During one night on call, a registrar in obstetrics in KNH can do 6 or 7 sections, and on that night, make the hospital 2 times the amount of money he is asking for as a monthly stipend. There is a syllabus which stipulates exactly how many clinical hours are needed to fulfil the requirements for a degree, and they are certainly way fewer than 80 hours a week. However, KNH swallowed the entire arm after tasting a finger. So in addition to doing his 80 hours, the rest of the time (which time?) is spent doing locums so he can get money to keep paying off that loan that was taken to pay fees. The registrar probably has kids in school and Nairobi rent to pay, a wife or husband to be husband or wife to. These are the docs you will definitely meet in private hospitals in the A&E. Zombie like people. And when you complain (the doctor wasn’t even there when i went to visit my patient, the doctor was in a hurry when i talked to her, my patient waited on a stretcher in casualty for 4 hours before he was seen by a doctor), this is the doctor you are referring to. For the extra hours they are working at knh, they get paid nothing. NOTHING. Lets not even talk about the quality of the degree they are getting, compared to what they’d get in say, san fransisco, where our minister for health frequents and invests in, using the money he’d have bought peremende with for this here doctor. Note that a PSs entertainment and domestic allowance, which is now 150,000 bob, is 150,000 bob more than the doctor removing your gangrenous gut at KNH gets paid. In other countries, na hata hapa Kenya at aga khan, registrars don’t pay a dime for fees, and in addition, they get a monthly salary. And those abroad do amazing things like liver transplants and have access to the best faculty and equipment. So that at the end of another 4-6 years of school, this doctor can go back and serve Kenyans (by the way, even Kenyans who go to private hospitals are still Kenyans, no?)

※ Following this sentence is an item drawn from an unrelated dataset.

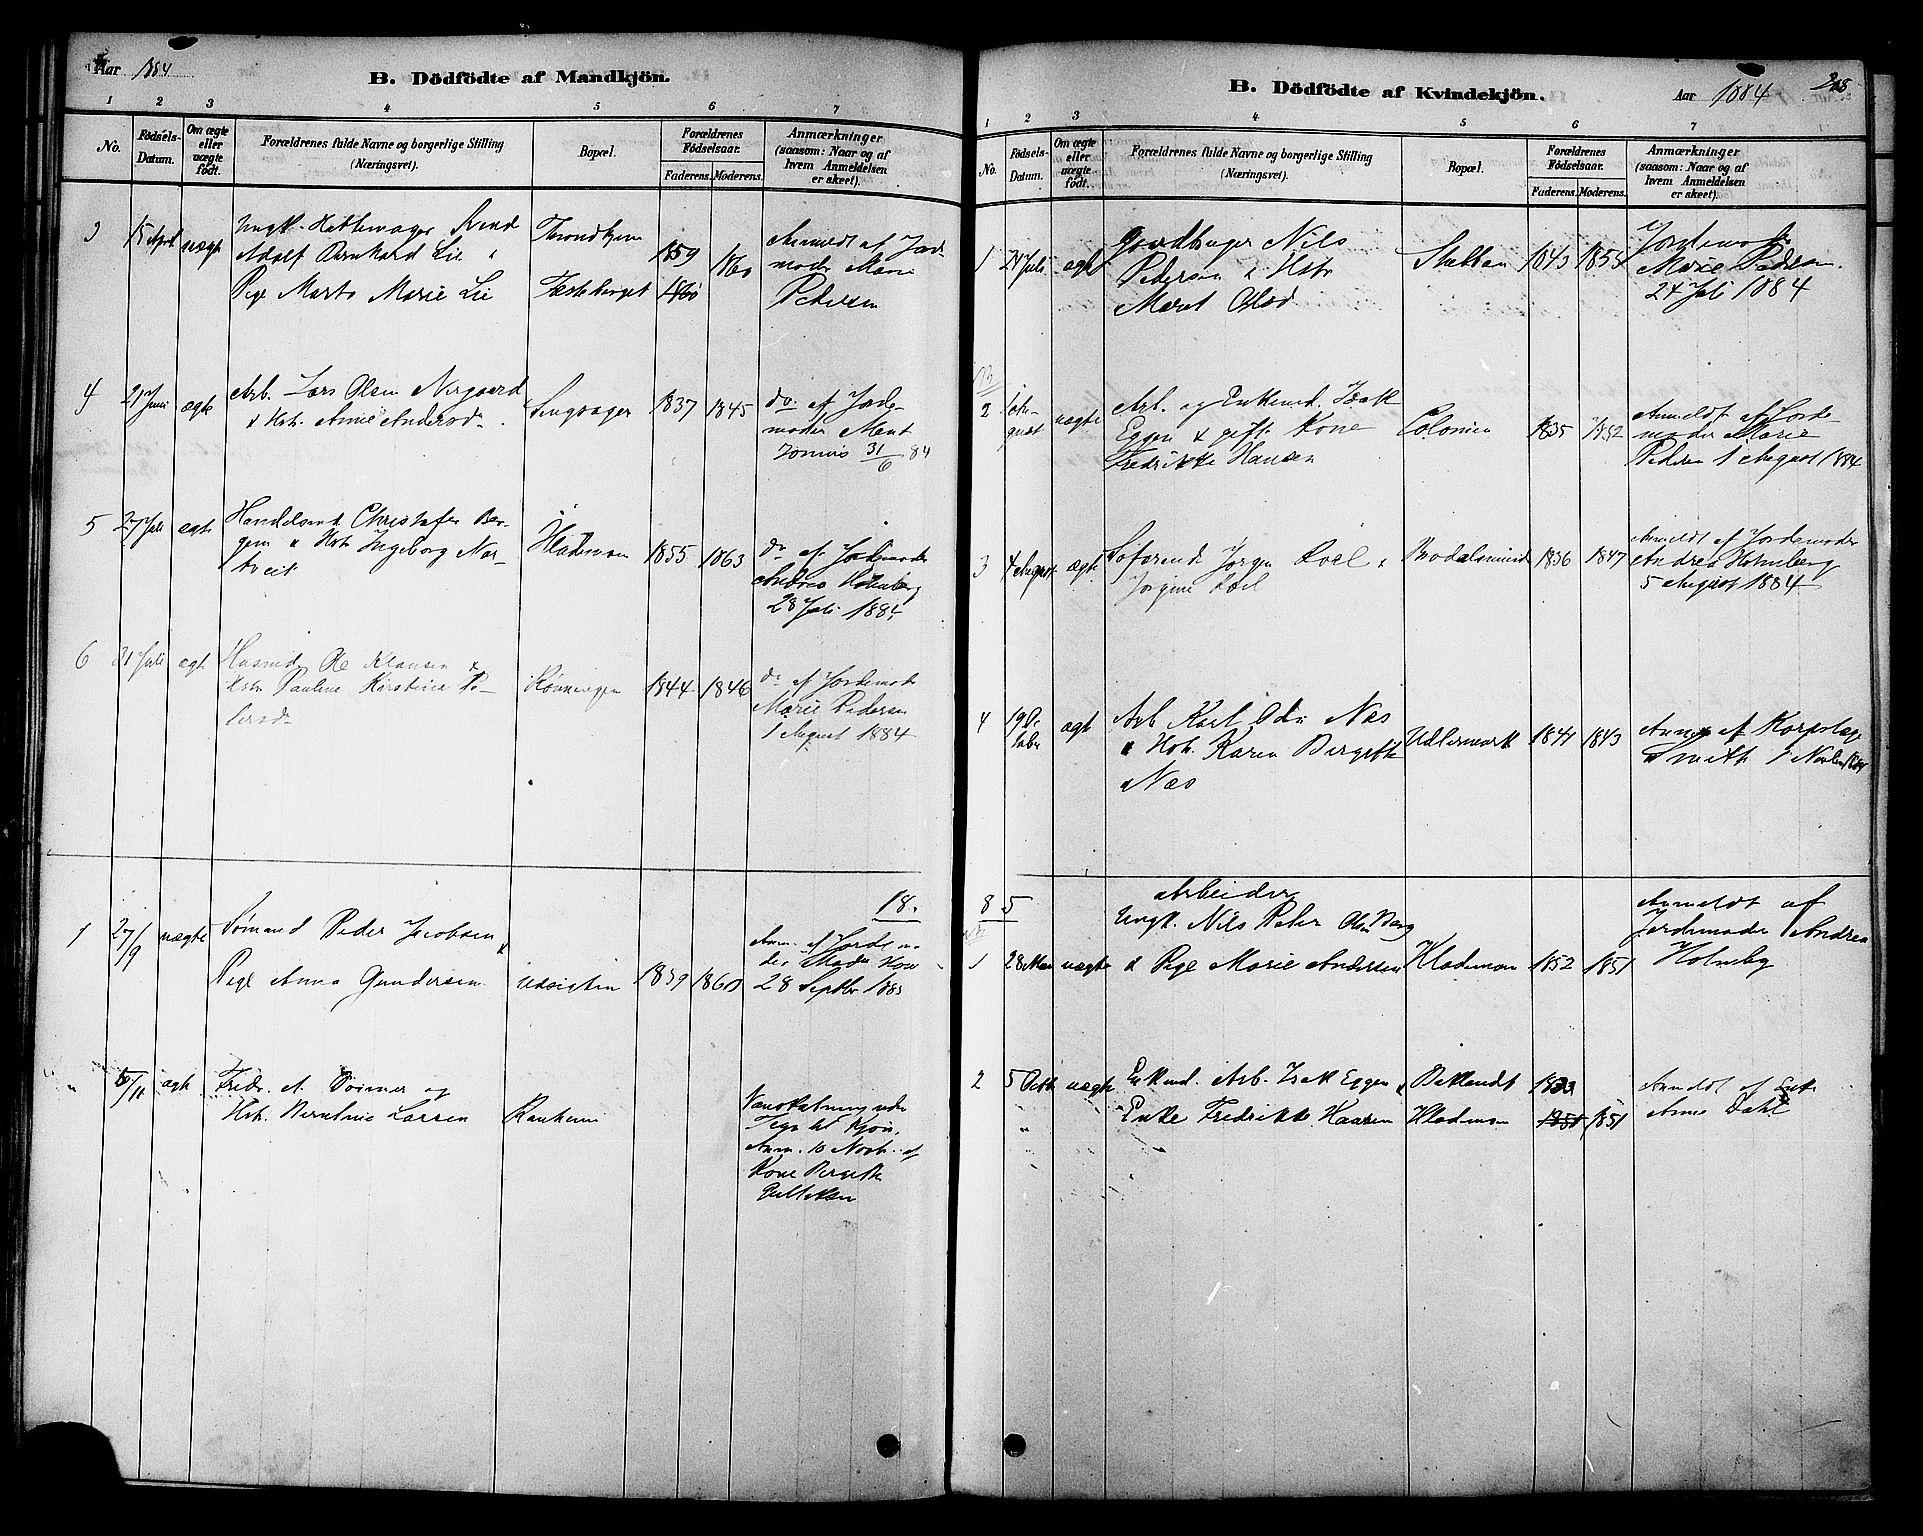 SAT, Ministerialprotokoller, klokkerbøker og fødselsregistre - Sør-Trøndelag, 606/L0294: Ministerialbok nr. 606A09, 1878-1886, s. 208

So these Kenyans, does the government not owe them doctors? And electricity when their abdomens are lying open? And quinine when they have malaria? Let’s not even get to incubators and ventilators, dialysis and radiotherapy equipment. We are trying to be realistic here and these are stratospheric ambitions to have. A district hospital once got a tin of amoxyl to take them through 3 months by our dear national drug supplier. Haaahaha! (wiping tears from my eyes. It’s so tragic). Btw, hizo radiotherapy equipment our dear prof was alluding to at some fancy launch to tackle the problem of cancer (which was discovered in Kenya after some of our ministers started to suffer from it), who exactly will know how to use them if registrars are such dispensable commodities in this country? Mschheeew. Si a time comes for people to say enough is enough? Wacha mimi nijiunge na hii peremende movement. I think Kenyans stand a better chance with it than with those people at afya house.